CCP is a software for searching a regular expression in a text.
It is based on the determinization algorithm optimized for homogeneous automata described
in the article
Compact and fast algorithms for regular expression search
by J.-M. Champarnaud, F. Coulon, T. Paranthoen
Report LIFAR / AIA 2003.01 of the University of Rouen, France
|
- Abstract
This paper describes an improvement of the brute force determinization algorithm in
the case of homogeneous NFAs, as well as its application to pattern matching.
Brute force determinization with limited memory
may provide a partially determinized automaton, but its bounded complexity
makes it be a fail-safe procedure contrary to the classical subset construction.
We investigate the particular case of pattern matching
based on Glushkov NFAs, which involves the determinization
of an almost homogeneous automaton.
Actually, our algorithm is inspired both by recent results of Champarnaud concerning the
subset automaton of a homogeneous NFA and by the algorithm recently designed by
Navarro and Raffinot to implement
the brute force determinization of the Glushkov NFA of a regular pattern.
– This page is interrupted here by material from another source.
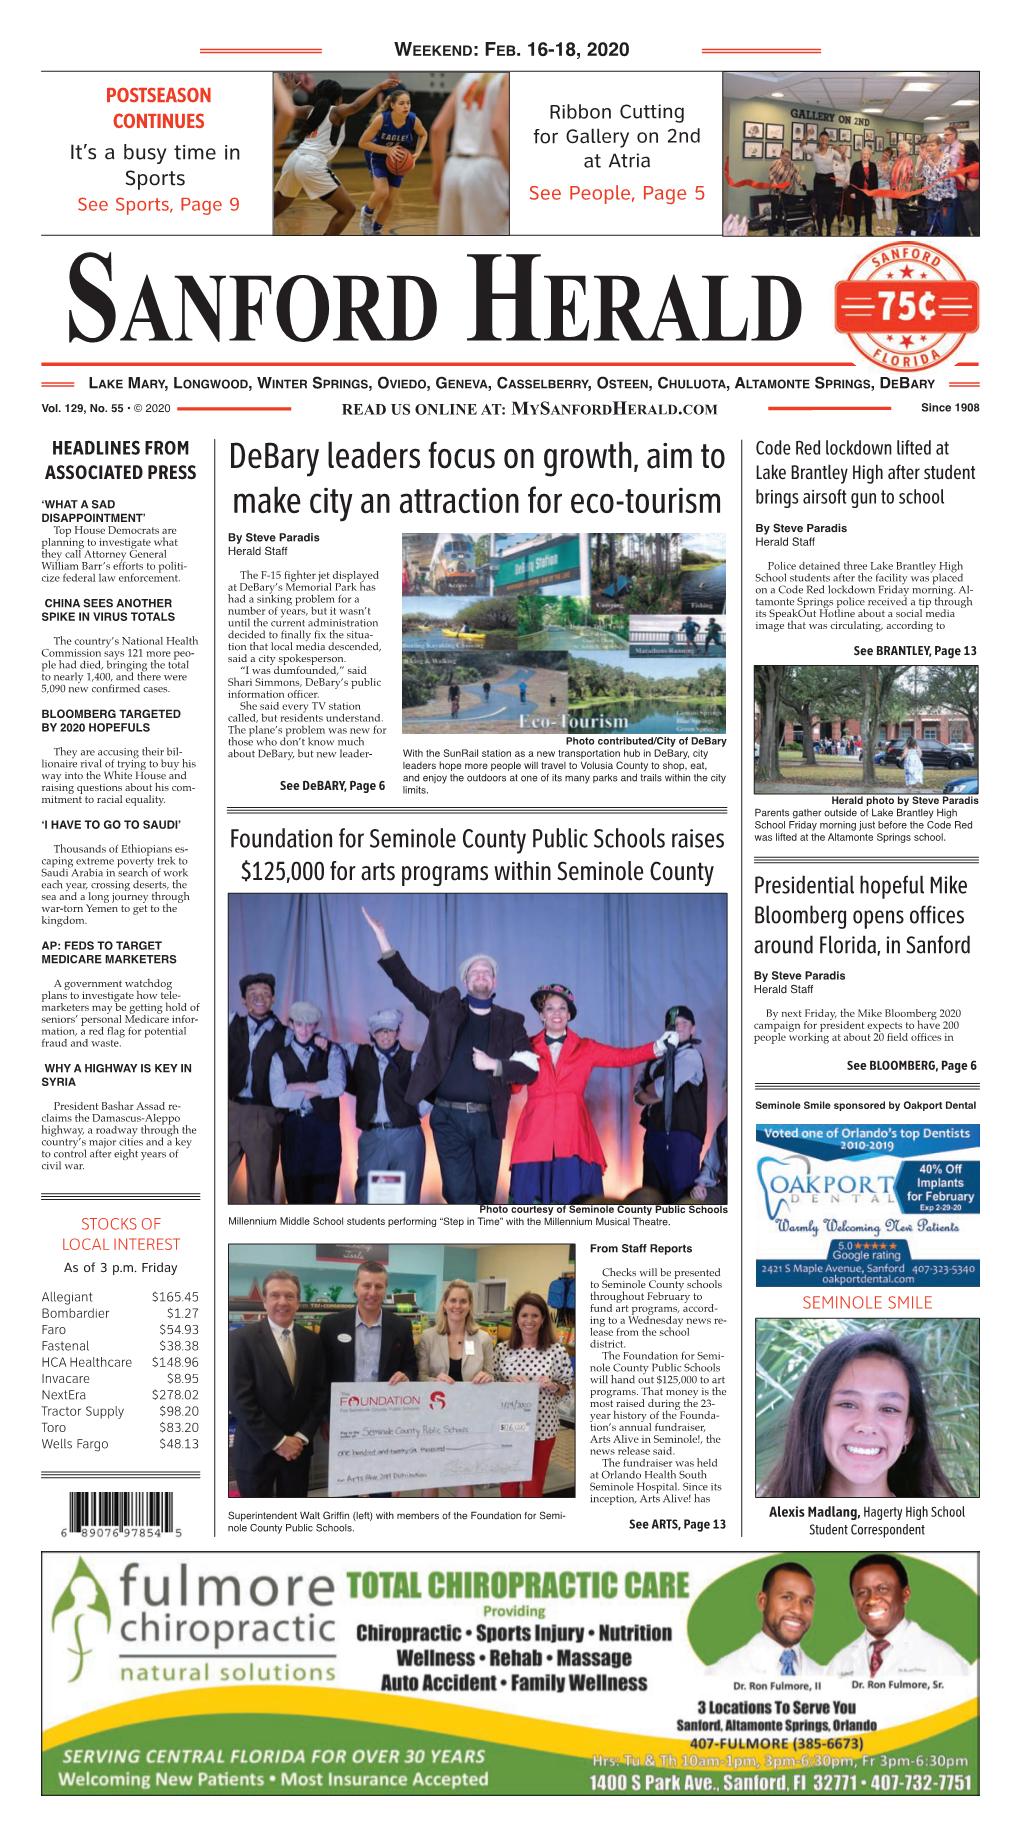 Debary Leaders Focus on Growth, Aim to Make City an Attraction for Eco

We obtain an algorithm with an average exponentially smaller memory requirement
for a given level of determinization, which, considering a bounded memory,
implies a quadratically smaller parsing time.
- The software
The sources of CCP (version 0.3) can be downloaded here: ccp-0.3.tar.gz.
This archive will extract into the directory CCP-0.3. To compile,
just type 'make'.
This software is free for academic research only. Please read the file LICENCE contained in the archive
before installation.
- Using CCP
The command
ccp [OPTIONS] <pattern> <filename>
shows the occurences of the regular expression <pattern> in the file
<filename> together with their offsets. Offsets are expressed w.r.t. the beginning of the file.
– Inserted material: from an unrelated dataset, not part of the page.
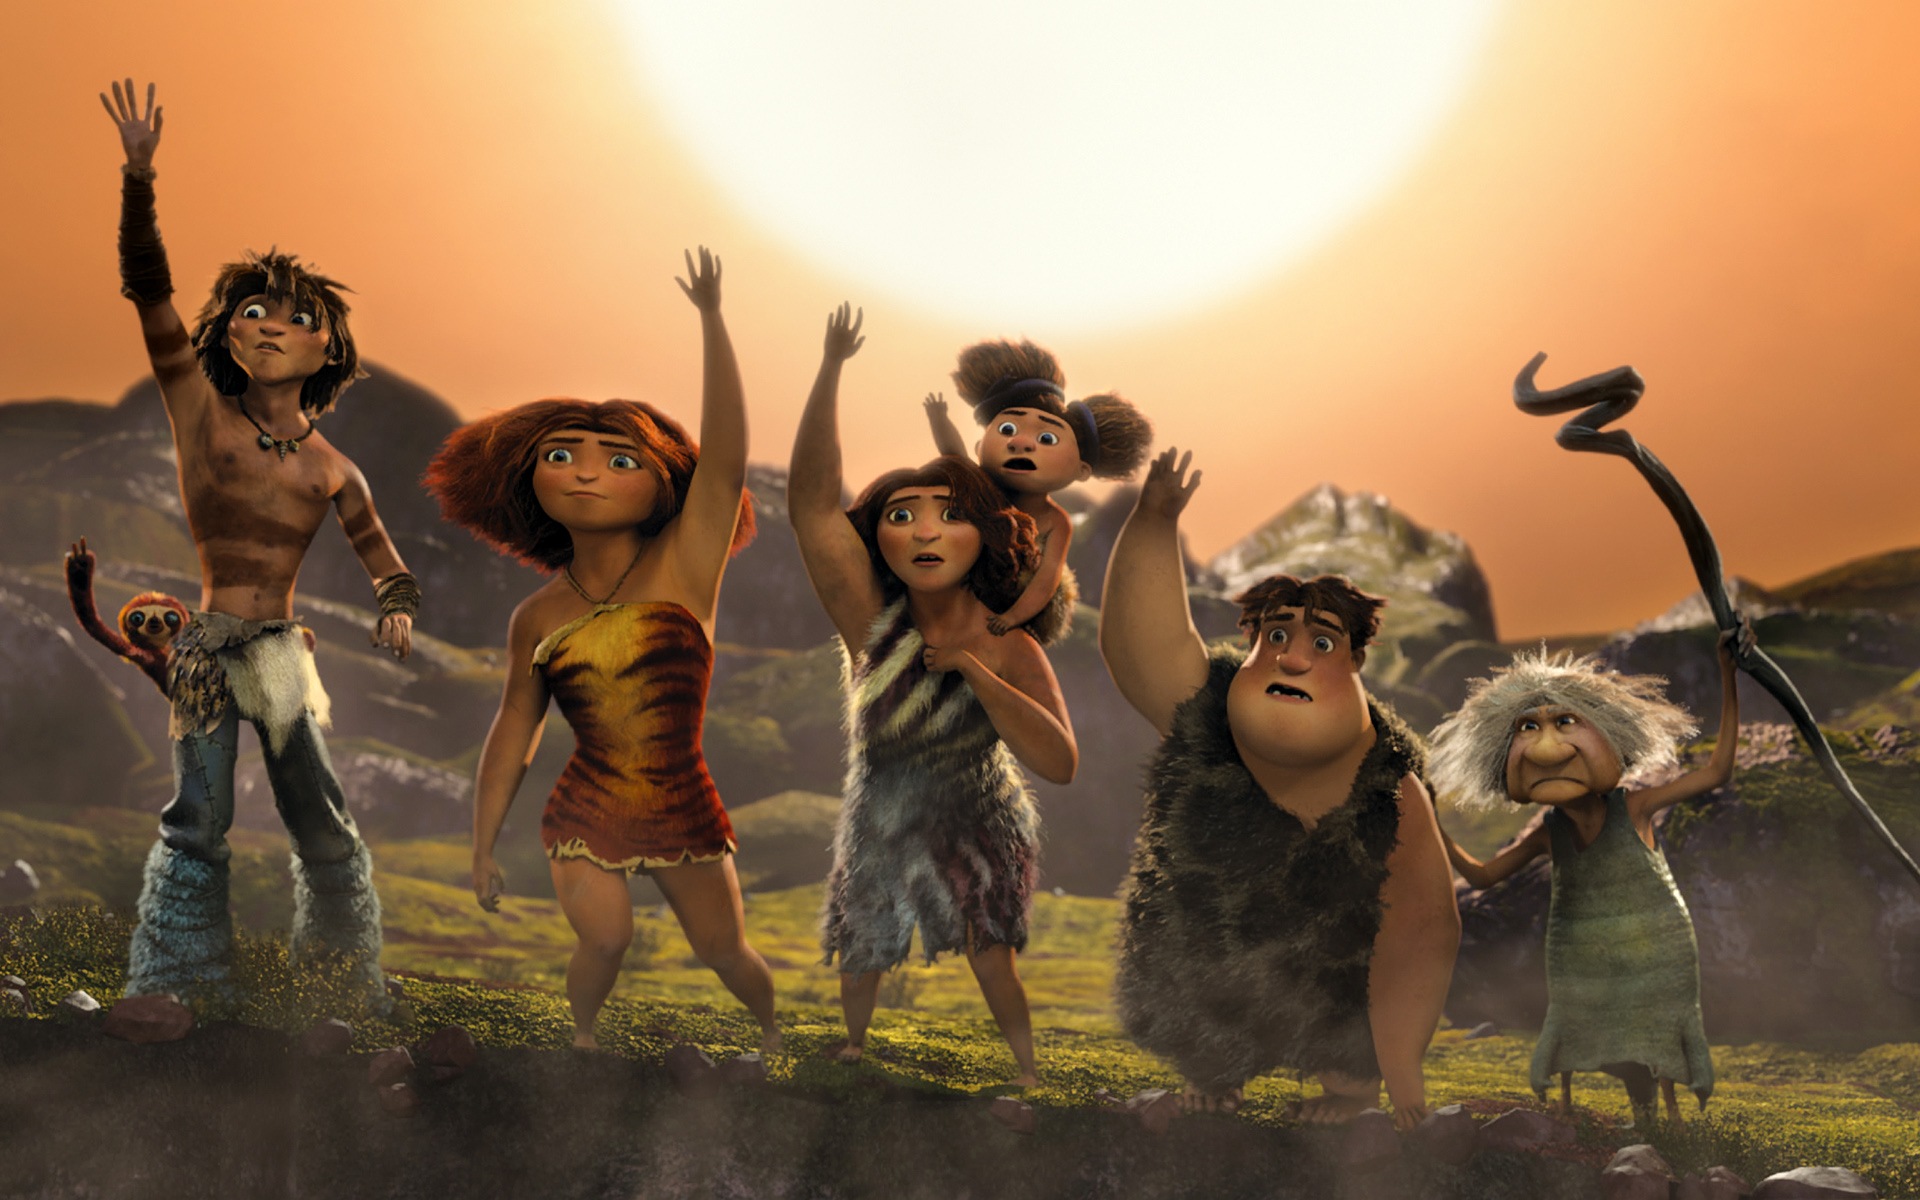 V Croods HD Movie Wallpapers #4 - 1920x1200

Type ccp -h to get the list of the options.
The regular expression is entered infix. The operators are
| for the union
* for the Kleene star
The concatenation operator is not written. Let A and B be two subsexpressions,
write AB for their concatenation. The operator '*' has the highest priority.
Then comes the concatenation, and '|' has the lowest priority.
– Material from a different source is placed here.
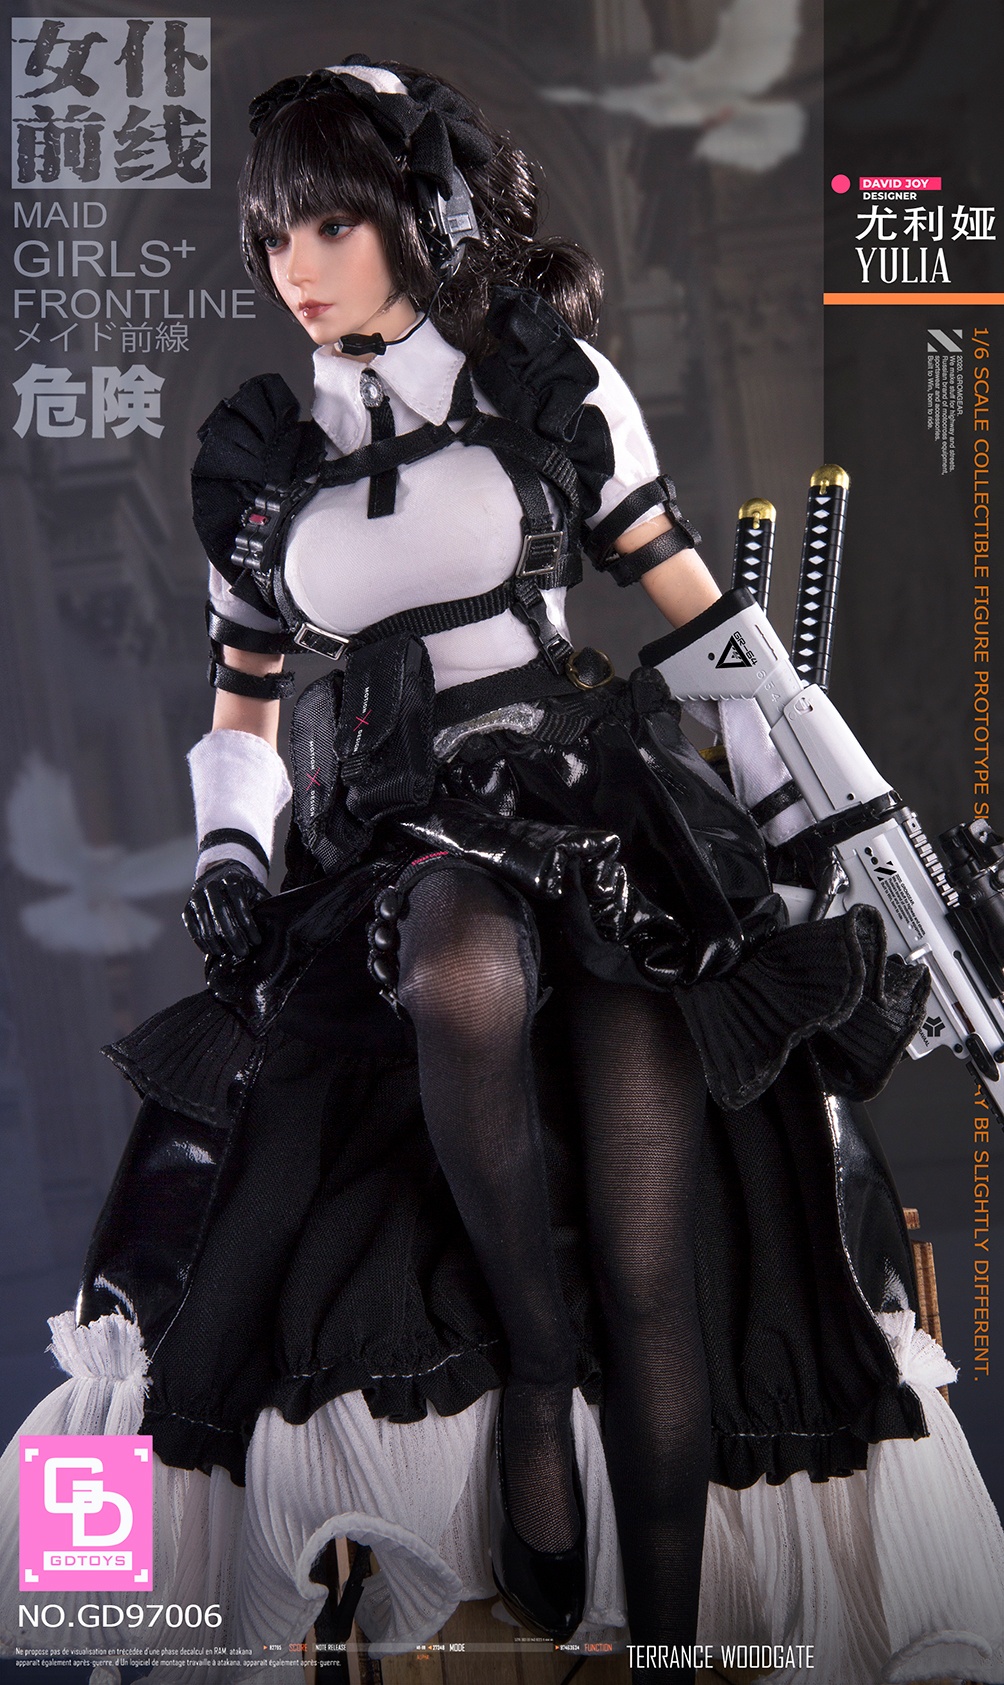 NEW PRODUCT: GDTOYS: GD97006 1/6 Scale Maid Girls+ Frontline - YULIA 22563911

The square brackets are used as shortcuts for the union:
[abc] stands for any letter a, b or c,
[a-z] stands for any letter between a and z in the ascii order.
Some examples:
|
alice|wonder
|
matches "alice", "wonder" and nothing else.
|
|
include|(#*define)
|
matches "include", "define", "#define", "##define", ...
|
|
inc*lude
|
matches "inlude", "include", "incclude", ...
|
|
[A-Z]([a-z]|[A-Z]*)
|
matches "Ae", "ABE", but does not match "BbAdf"
|
Special characters can be entered by typing their decimal ascii code
on 3 digits preceded by \.
"Alice\032and" stands for "Alice and"
The symbol \000 is forbidden.
- Development
Please report bugs to Fabien.Coulon@univ-rouen.fr.
Any improvement to the code is welcome too.
The file countcode.c contains the procedures for managing the output, which can be easily
modified so that CCP shows some other informations.
|